SEI Select Small Cap ETF (SEIS)
Small-capitalization stocks occupy an odd middle ground in the equity markets. They are large enough to be listed on a major exchange and followed by at least some Wall Street analysts, but too small to command the attention, liquidity, and institutional ownership that the largest companies enjoy. The SEI Select Small Cap ETF provides a way to own a basket of them without having to research individual small companies or worry about picking the rare few that will grow into mid-caps and large-caps.
The fund’s approach is passive, tracking an index of small-cap US companies that typically sit somewhere between a market capitalization of 300 million and 3 billion dollars, though these thresholds shift as market prices change. SEI Investments sponsors it, and the annual expense ratio is low — typically around 0.4% or less — which is important because small-cap investors are already accepting extra volatility and trading costs in exchange for the chance at outsized growth. Adding a 0.8% or 1% annual fee on top of that drag would be punishing. The fund holds somewhere between 600 and 1,000 stocks, providing genuine diversification across the small-cap universe rather than concentration in a handful of bets.

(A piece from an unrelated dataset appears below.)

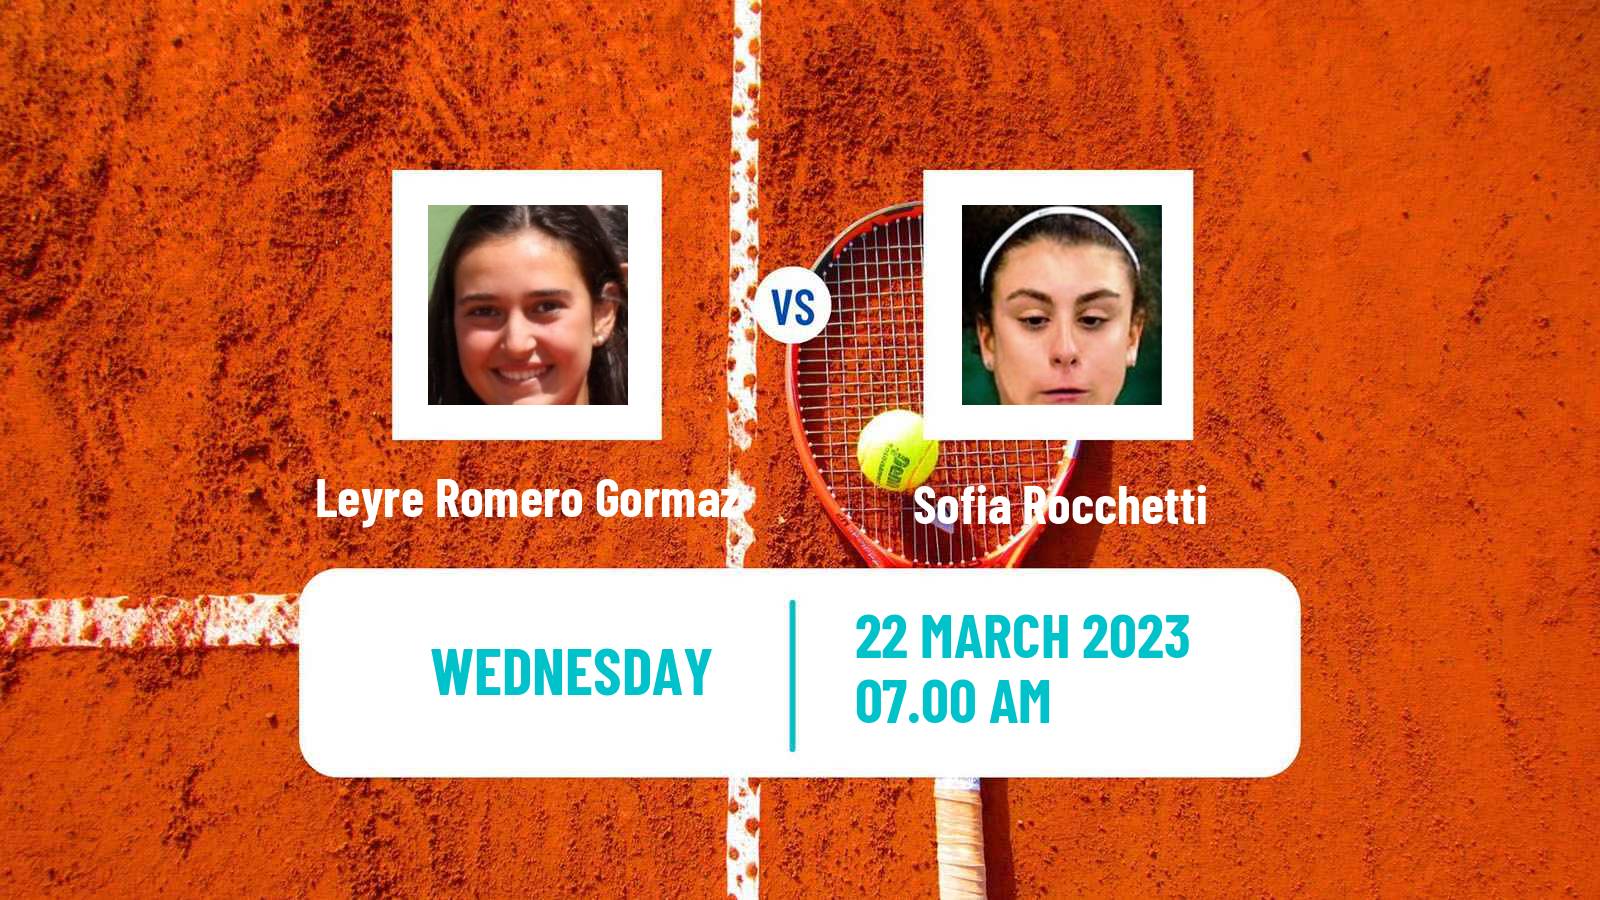 Tennis ITF Tournaments Leyre Romero Gormaz - Sofia Rocchetti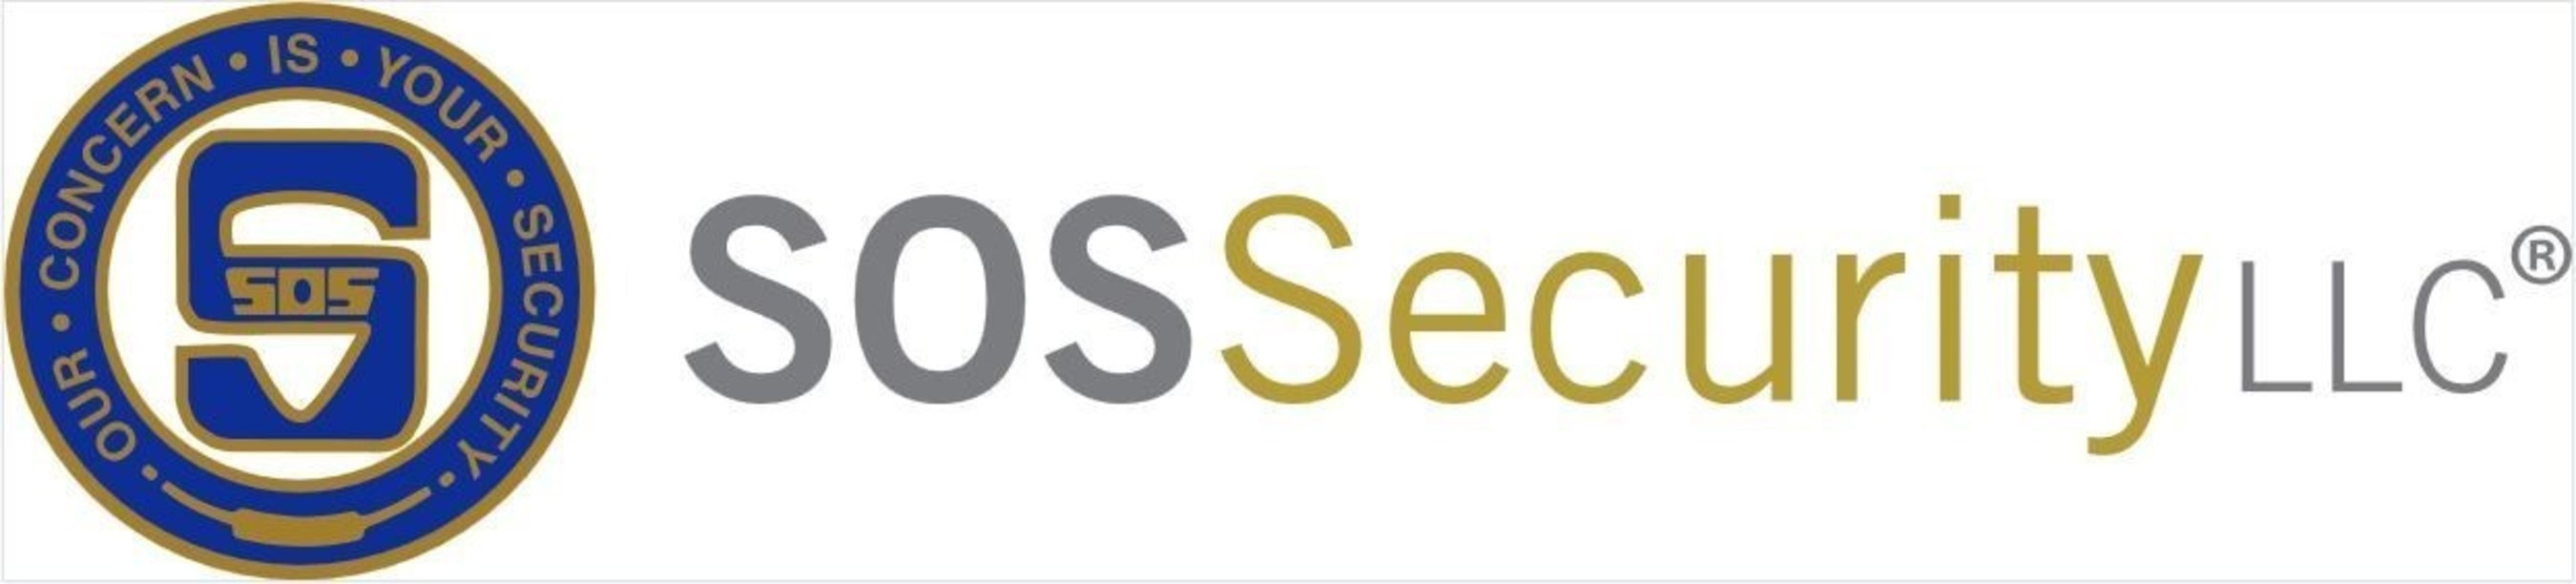 www.sossecurity.com

Why does small-cap exposure matter at all? The answer lies in historical returns and the role of growth in stock selection. Small companies, as a group, have delivered higher average returns than large companies over very long periods, though the relationship is neither smooth nor guaranteed year to year. More important, small-cap stocks tend to move in different cycles than large-caps. When investors lose faith in mega-cap growth stocks, they often flee into small and mid-cap value. Owning SEIS alongside large-cap index funds provides a hedge against the risk of betting everything on the market’s love of the largest companies. It is insurance against whatever the next market narrative turns out to be.
The tradeoffs are real and non-trivial. Small-cap stocks are more volatile — they swing up and down more sharply than the broad market — because they have less financial cushion, smaller profit margins, and less diversified revenue streams. A small pharmaceutical company betting on a single clinical trial is riskier than Merck with dozens of drugs on the market. Many small-cap companies have thinner trading volume, so large positions can be harder to exit quickly without moving the price. Analysts cover small companies less thoroughly than large ones, which can mean less public information and more room for surprises — both good and bad. The bid-ask spread (the gap between buy and sell prices) is wider, which matters if you are trading in and out.
For long-term investors building buy-and-hold portfolios, these liquidity and information disadvantages matter less than the growth potential. For traders or those who need to access their capital quickly, SEIS can be more problematic. The fund’s prospectus lays out the exact composition of its small-cap index and the expense ratio in full. Performance over rolling periods — one year, three years, five years, since inception — shows how the fund has delivered relative to other small-cap benchmarks and whether it tracks its index tightly. Comparing SEIS to other small-cap ETFs reveals whether the index it tracks and the fees it charges are competitive or lagging.